つい、エーテルから視線をそらしてしまう。
それから、ふと、それが今日初めてのエーテルの笑みだったことに気がついた。
「そういえば、今日は初めてだね。笑ったの」
エーテルは慌てて手を口元にやった。
すぐに無表情に戻った。
「ひょっとして、笑わないように我慢してたの?」
「はい、人に不快感を与えるとわかったので笑うことはやめました。すみません、アル様、ご不快ではなかったですか?」
アルは胸が痛んだ。自分が指摘してしまったせいで、エーテルから笑いを奪ってしまった。
余計なことをしたのではないだろうか。
いや、とアルはその思いを否定した。
あのまま放っておいたら、いつまでたってもエーテルは人から嫌われ続ける。
ちゃんとした笑顔ができるようになるまでの辛抱だ。
絶対に、エーテルが可愛いく笑えるようにするぞ。
心に誓った。
「エーテル、がんばろう。
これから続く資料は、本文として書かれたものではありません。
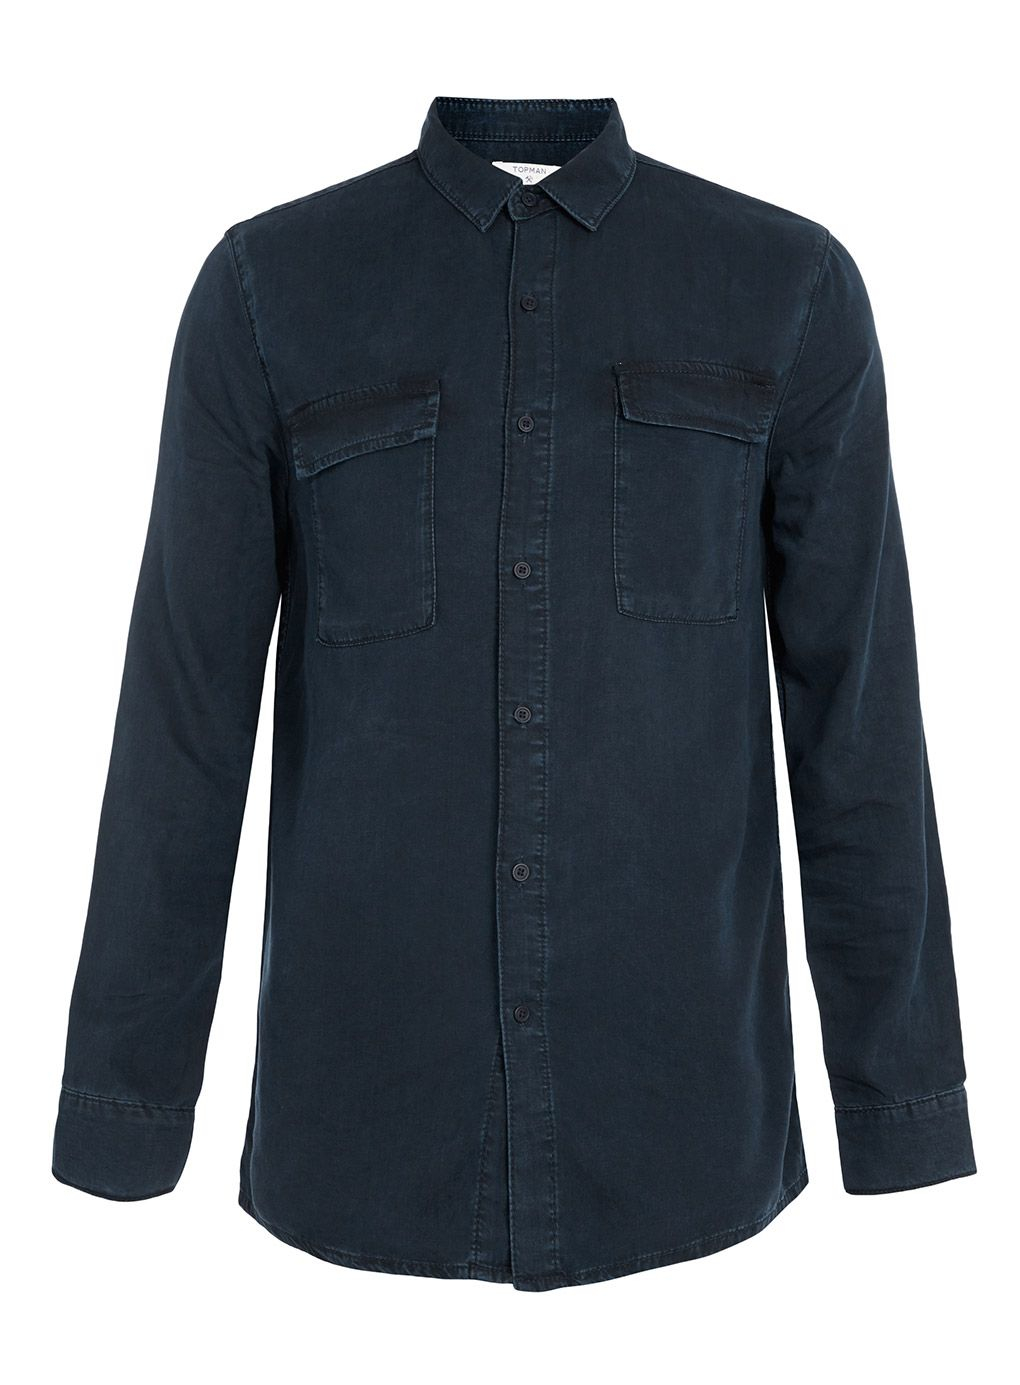 Topman Long Sleeve Denim Casual Shirt In Blue For Men

がんばって、みんなが可愛いって思うような笑顔を覚えよう。俺、全力で応援するから」
「はい、がんばります」
そのとき、マグ爺の目が一瞬だけ赤く光った。
唇がニヤリと吊り上がり、エーテルのものによく似た邪悪な笑みが浮かんだ。
しかし、アルもエーテルも気づかなかった。
エーテルはすべての料理に感動していた。涙ぐんでさえいた。
ありとあらゆる賛辞をアルに贈った。
こんなにまで感動し、喜んでもらえるなら、もっと上手になろうと思うのが人情である。
アルは俄然、やる気がわいた。
こうなったら、怒鳴られても皿を投げられても、徹底的にレグルの料理を覚えてやる、と決意した。
食後、2人は昨日の続きをした。
ティナの手鏡を借りて、エーテルの笑顔を特訓する。
アルはティナの笑顔を思い出しながら、なんとかエーテルに似たような笑顔を作らせようとするのだが、なぜか恐ろしく歪な表情になってしまう。
試行錯誤の末、エーテルが魔法学院に行かなくてはならない時間がきた。
これから毎日来るようにいうとエーテルは感激でまた泣き出した(無表情だが)。